|
DriveE2E: Closed-Loop Benchmark for End-to-End Autonomous Driving through Real-to-Simulation |
Soundness: 2: fair
Presentation: 2: fair
Contribution: 3: good
Rating: 4: marginally below the acceptance threshold
Confidence: 5: You are absolutely certain about your assessment. You are very familiar with the related work and checked the math/other details carefully. |
This paper presents DriveE2E, a Real2Sim-based closed-loop evaluation framework built upon the CARLA simulator. It features high-fidelity digital twins of 15 diverse urban intersections and 800 traffic scenarios generated from infrastructure sensor data.
The paper is well-written and clearly structured, making it easy to follow. It constructs high-fidelity digital twins of 15 urban intersections and selects 800 real-world traffic scenarios from over 100 hours of infrastructure sensor data. Meanwhile, it establishes a comprehensive closed-loop benchmark for end-to-end autonomous driving (E2EAD) by evaluating several classical baselines, demonstrating both technical completeness and practical relevance.

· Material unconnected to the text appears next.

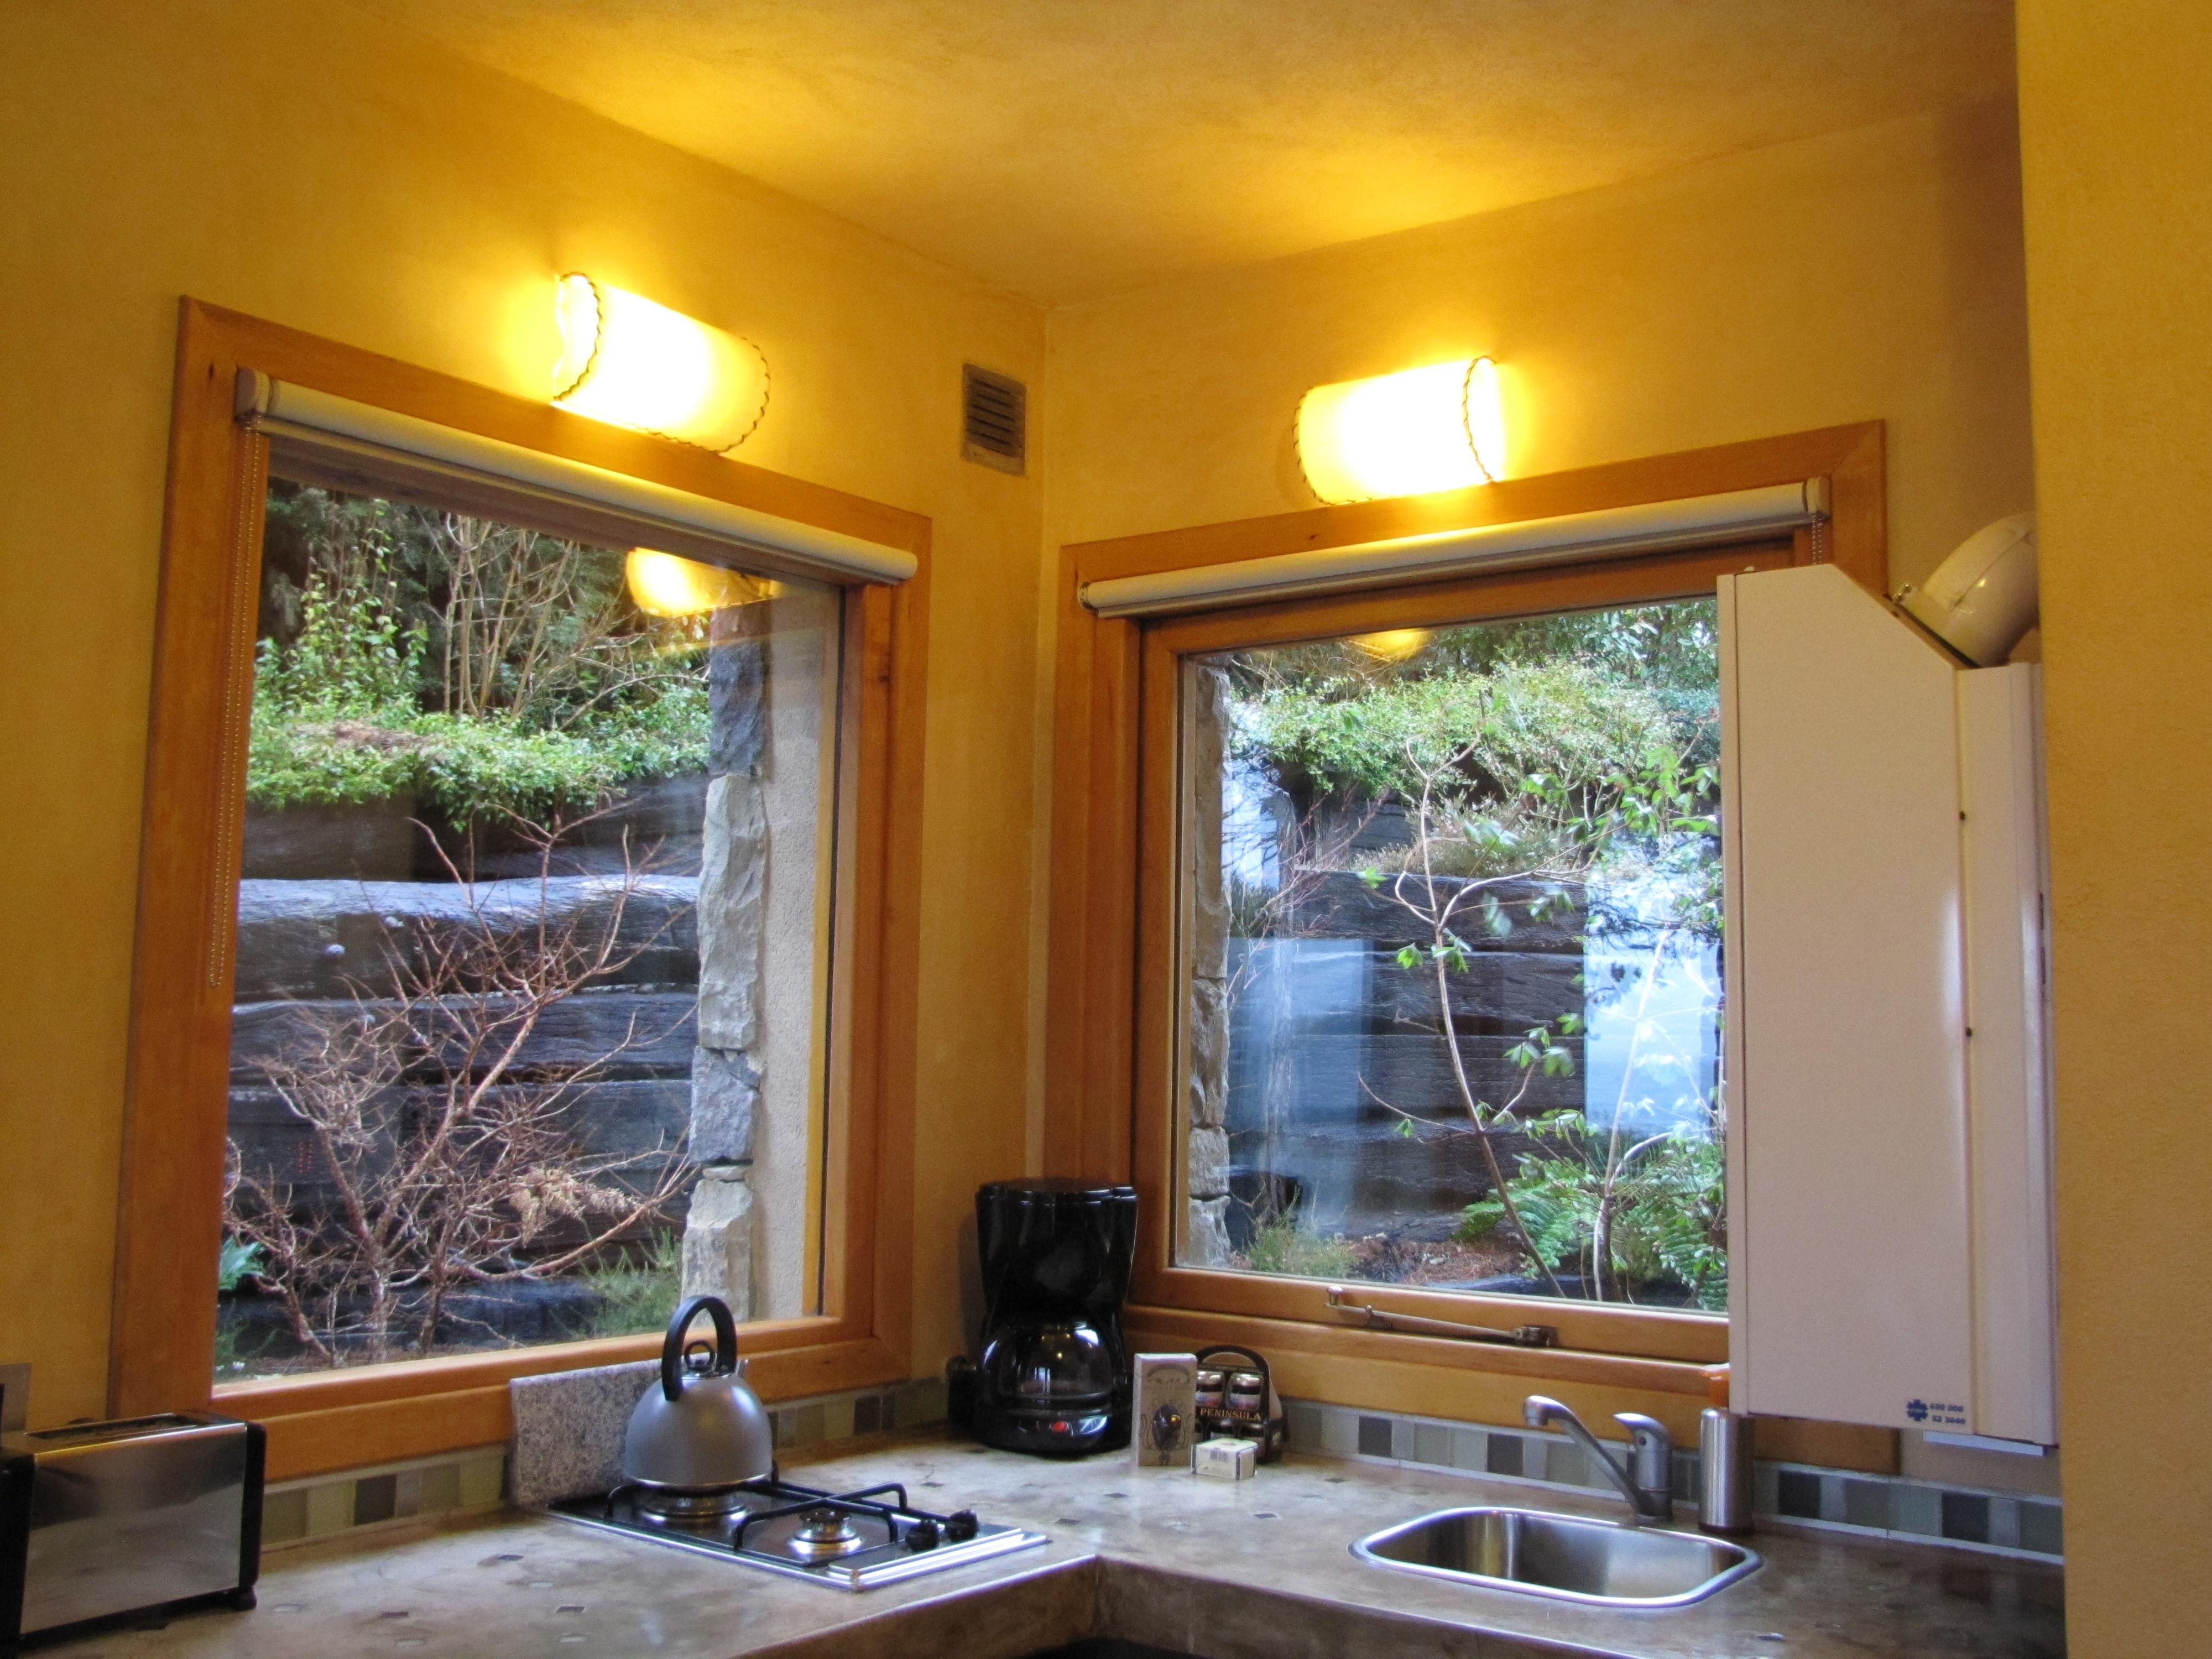 #C29309  manhã lá saltei da cama ansiosa e abri a janela para ver amanhecer 474 Janelas Duplas Madeira

There are several points that require further clarification. The proposed Real2Sim framework is intended to address the unrealistic rendering issues in CARLA, yet the paper still relies on CARLA’s built-in assets for traffic participants, which seems inconsistent with that motivation. In addition, one of CARLA’s main advantages lies in its true closed-loop capability, where surrounding agents can dynamically respond to the ego vehicle’s behavior—unlike the log-replay mode adopted in this work. While this paper introduces a new scenario, it also employs a log replay method. Therefore, what are its advantages compared to frameworks like nuPlan or NAVSIM? This will determine the value of this work.
Same to the Weaknesses. |
Lightly AI-edited |
|
DriveE2E: Closed-Loop Benchmark for End-to-End Autonomous Driving through Real-to-Simulation |
Soundness: 2: fair
Presentation: 2: fair
Contribution: 2: fair
Rating: 4: marginally below the acceptance threshold
Confidence: 3: You are fairly confident in your assessment. It is possible that you did not understand some parts of the submission or that you are unfamiliar with some pieces of related work. Math/other details were not carefully checked. |
This paper presents a real-to-sim digital-twin pipeline that ports real-world intersections into the CARLA simulator for closed-loop evaluation of autonomous driving systems. The authors reconstruct static environment assets (geometry/layout) to create digital twins of 15 real intersections, and use these scenes to evaluate multiple end-to-end driving baselines in fully closed-loop simulations. The goal is to enable repeatable, scenario-faithful testing in simulation while preserving key characteristics of real-world locations.
- `Well-motivated digital-twin evaluation: `Building digital twins for closed-loop assessment of end-to-end autonomous driving is timely and reasonable. The pipeline is clearly presented, and the multi-source asset creation—combining Blender tooling with OpenStreetMap, HD maps, and satellite imagery—is thoughtfully executed. The engineering effort is evident and appreciated.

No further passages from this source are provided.